News: Compass 0.5, Java Search Engine Framework, Release

  1. Compass 0.5 has been released. Compass is an implementation of an Object/Search Engine Mapping (OSEM) framework, allowing developers to use search engine technology on their object models. This release makes integrating search capability with existing development frameworks (like Hibernate and Spring) simpler.

    Changes include:
    • Improved performance of reader/searcher and Optimizers
    • Support for binary data indexing and cyclic references
    • Extensions tothe mapping capabilities
    • GPS (extendable datasource integration) device technology for Hibernate 2/3, JDO, OJB and JDBC
    • Improved integration with Spring framework for configuration, MVC and ORM support.
    What other framework/tools (i.e. Geronimo, JBoss, Toplink) or features (like datasource crawlers) should be integrated into Compass? What would make Compass more useful to you? Do you think searches over object graphs is a useful or usable concept?

    Threaded Messages (26)

  2. It seems really interesting. If hibernate support works well, I'll have thousands of use-cases for this project.

    Anyone tried this? any experience? Any similar framework which has pluggable searching for ORMs?
  3. It seems really interesting. If hibernate support works well, I'll have thousands of use-cases for this project.Anyone tried this? any experience? Any similar framework which has pluggable searching for ORMs?

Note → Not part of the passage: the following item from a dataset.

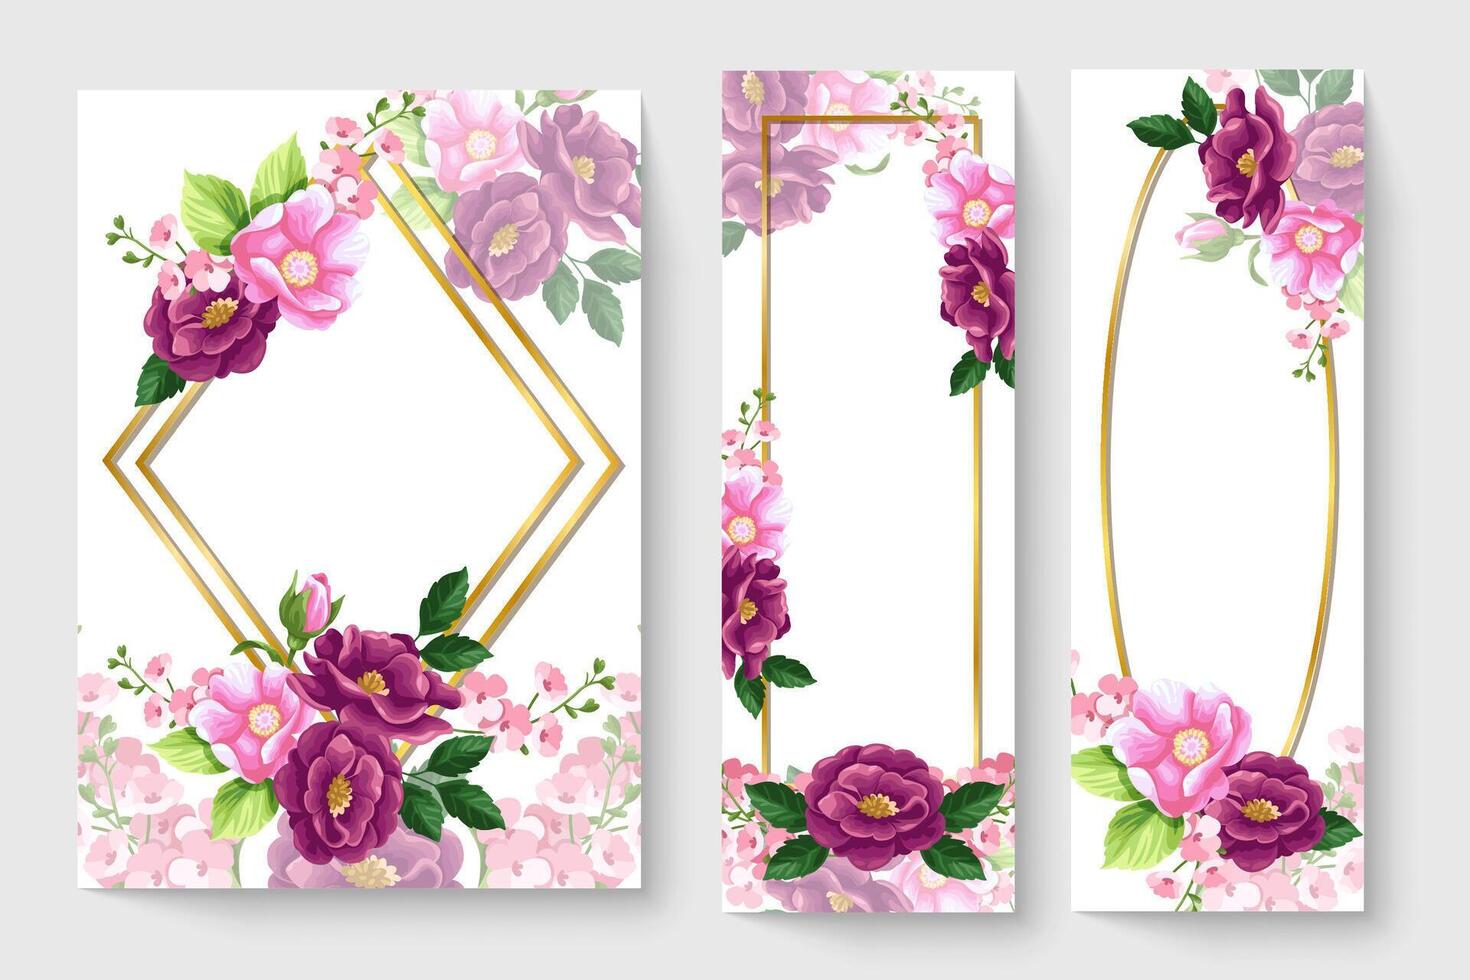 botanische kaart met roze bloemen, bladeren. lente ornament concept. bloemen poster, uitnodigen. vector lay-out decoratieve wenskaart of uitnodiging ontwerp achtergrond. hand getekende illustratie

    I have not found any other project that implement integration with Hibernate on the Object level. Especially since the OSEM concept is something new.
  4. Silly question[ Go to top ]

    Why do we want to search object graph, since most of the projects [ using ORM , eg hibernate ] attempts to persist the object graph in the database.
    Any search [general/analytics/projections] therefore can be done by writing SQL queries or corresponding ORM [ HSQL for hibernate..] queries.
  5. Silly question[ Go to top ]

    Not silly at all. The main reason that we might want to search our domain model is if we want to have a single (google like) search box, and multiple types of results. If we take the Compass Petclinic sample, we have a Vet object, a Pet object, and a Visit object. Each has some properties that are common and some that are not (like the description property for the Visit object.
        Now, if we want to search for all the objects that have anything to do with "jack", we will have to write a complex query for each field and search for it (i.e. Pet.name like '%jack%' or Vet.firstName like '%jack%' or Vet.lastName like '%jack%' or Visit.description like '%jack%' ....) . The query is both a performance killer and a maintenance nightmare (with domain model changes). Compass provides a declarative way to map your domain model to the search engine, as well as synchronizing changes with popular data sources (so data integrity operations can be lowered to zero). It means that you execute a single query 'jack' against the search engine, and the relevant objects will be returned (with ranking, and so on).
        And than, imagine that you have a complex application with a bigger domain models that need all to be searched. Compass can both bring maintenance and performance down to a neglegtable values (in that case, you will probably go with a search engine anyhow).
  6. Silly question[ Go to top ]

    I have come across a couple of applications that need to be able to search both traditional (ie relational) data and non-traditional (ie pdf) data at the same time and/or the same way. This tool bridges that gap. Alot of the non-traditional data has metadata (can be in DB or file or both :) ). Check out how Sharepoint currently stores its documents.
  7. Silly question[ Go to top ]

    I have come across a couple of applications that need to be able to search both traditional (ie relational) data and non-traditional (ie pdf) data at the same time and/or the same way. This tool bridges that gap. Alot of the non-traditional data has metadata (can be in DB or file or both :) ). Check out how Sharepoint currently stores its documents.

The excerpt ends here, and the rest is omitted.